Bootstrap values give you a measure of how robust to *noise in the data* a given edge of your tree is *under a given method*. It does not tell you how reliable your tree or your method is. It's also worth noting that the bootstrap values are only a measure of how robust the edge is to the kind of noise that you apply.
Bootstrap values tell you something very specific (which is different to the posterior probability), and for that purpose they are exactly what you want. The problem arises when people interpret them to mean something else. You need to decide what question you are trying to answer before you choose which measure is the most relevant.
Bootstrap values give you a measure of how robust to *noise in the data* a given edge of your tree is *under a given method*. It does not tell you how reliable your tree or your method is. It's also worth noting that the bootstrap values are only a measure of how robust the edge is to the kind of noise that you apply.
Ok, I agree with you... But, this robustness to "noise in the data" is really important? I'll think about it in my next work. In fact, I use the test only to avoid criticism from reviewers...
There is other factor to be considered: when you use very large sequences (such as complete genomes of some bacteria - I did this kind of analyses) your bootstrap values are 100% in ML, MP and NJ. In my case, using 8 different groups of complete genomes, the topologies obtained using different methods (with bootstrap 100% in each node) were not identical... These 100% bootstrap means that the noise is lower than the phylogenetic signal of my data or means that using very large databases the pseudo-sampling is not enouth to detect this noise (in ML is impossible to do more than 1000 replications using 100,000 bp, at least using my computer).

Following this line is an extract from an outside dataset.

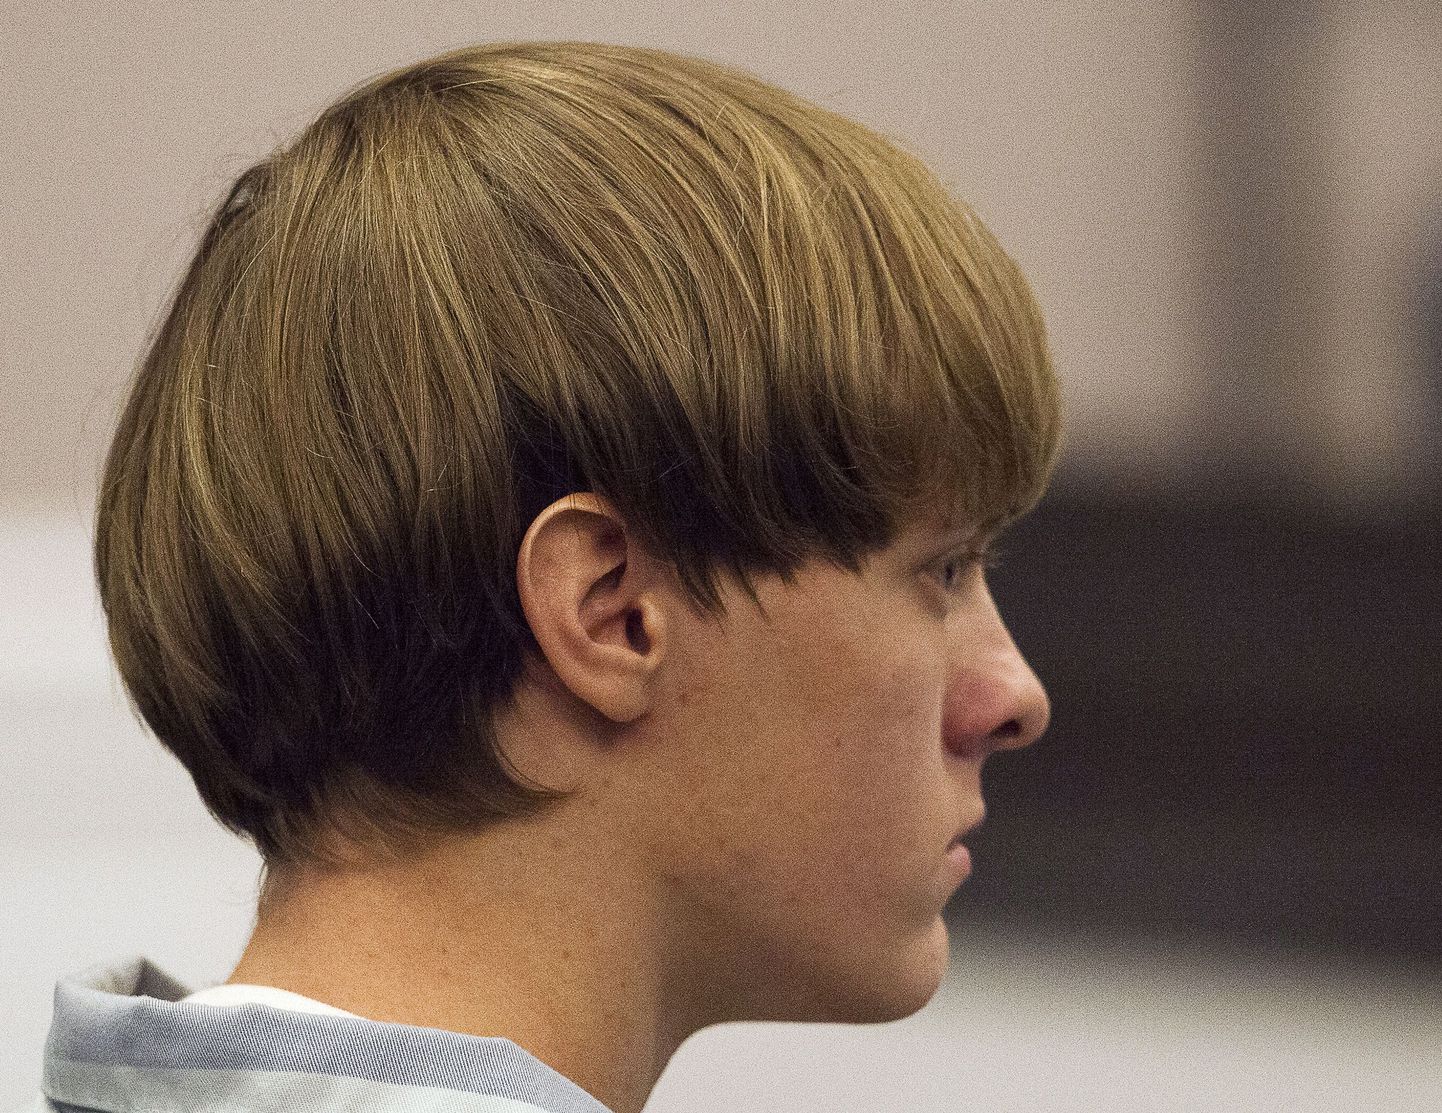 Dylann Storm Roof.
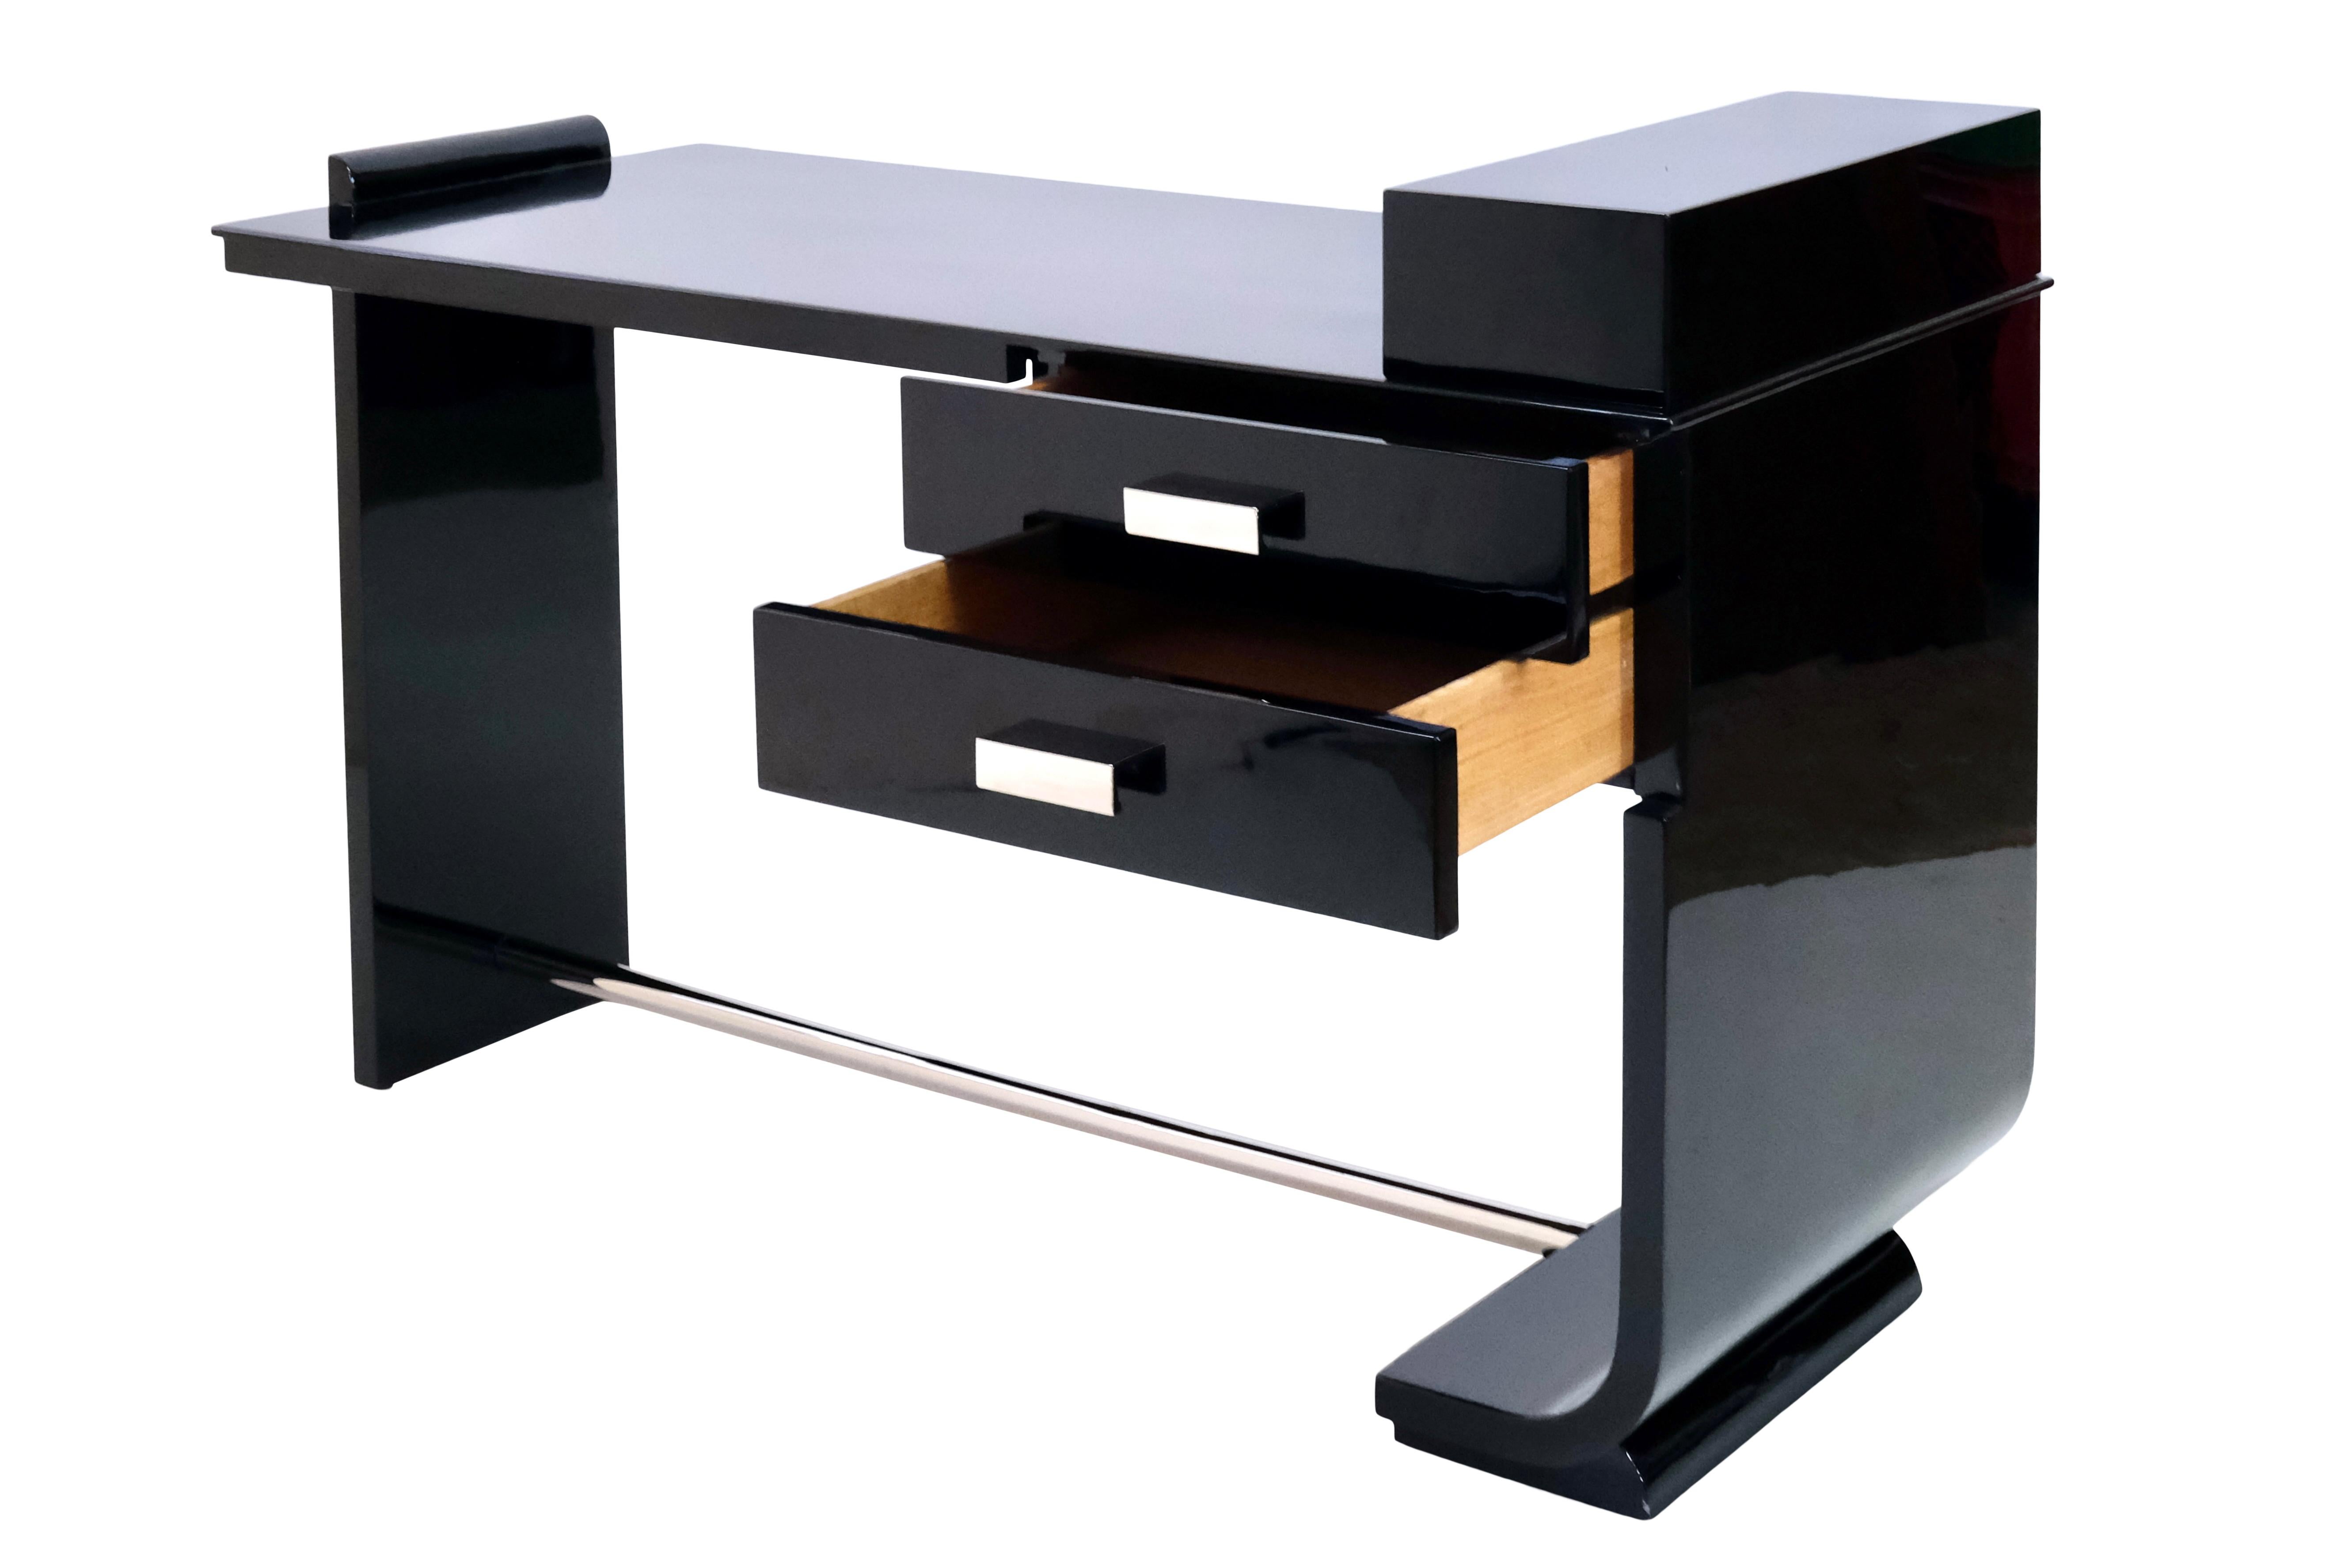 Blackened Small Asymmetrical Art Deco Office Desk in Black Lacquer with Nickeled Fittings

hmm, and in my case I use it (basically also to avoid criticism) with morphological characters , which is a small dataset compared to sequences. My bootstraps never get higher than 70% (50% is the average of my clades), although I have already obtained 99% to a group very very well supported, with a high number of Bremer support. But it is really sad to me to see my low numbers of bootstrap compared to the analyses with molecular data.
Nice answers... As Julian noticed BS values gave a measure about probabity of taxa given in a clade for certain taxon. But Yokotos's thought is also critical as to whether BS is realy important. In this case, SplitTree,in which network reticulations are used to clarfy the noise or uncertainity of data, might be suggested for robustness, as an alternative methology to the phylogenetic trees.
Once a multiple sequence alignment is in hand, a phylogenetic reconstruction method (or methods) can be chosen, i.e., NJ, MP, ML or UPGMA. If the right types of data are used, distance methods (NJ and UPGMA) can be a very powerful tool in phylogenetic analysis. One limitation of both the distance and parsimony methods is that although they may select one tree over another on the basis of some criterion, it is not possible to say how much more probable one tree is than another. Likelihood and Bayesian methods have been designed to provide such a statistical framework for phylogenetic reconstruction. Likelihood and Bayesian approaches are more statistical than the other methods. To understand how likelihood-based phylogenetic methods work, it is useful to consider the concept of likelihood in a statistical sense.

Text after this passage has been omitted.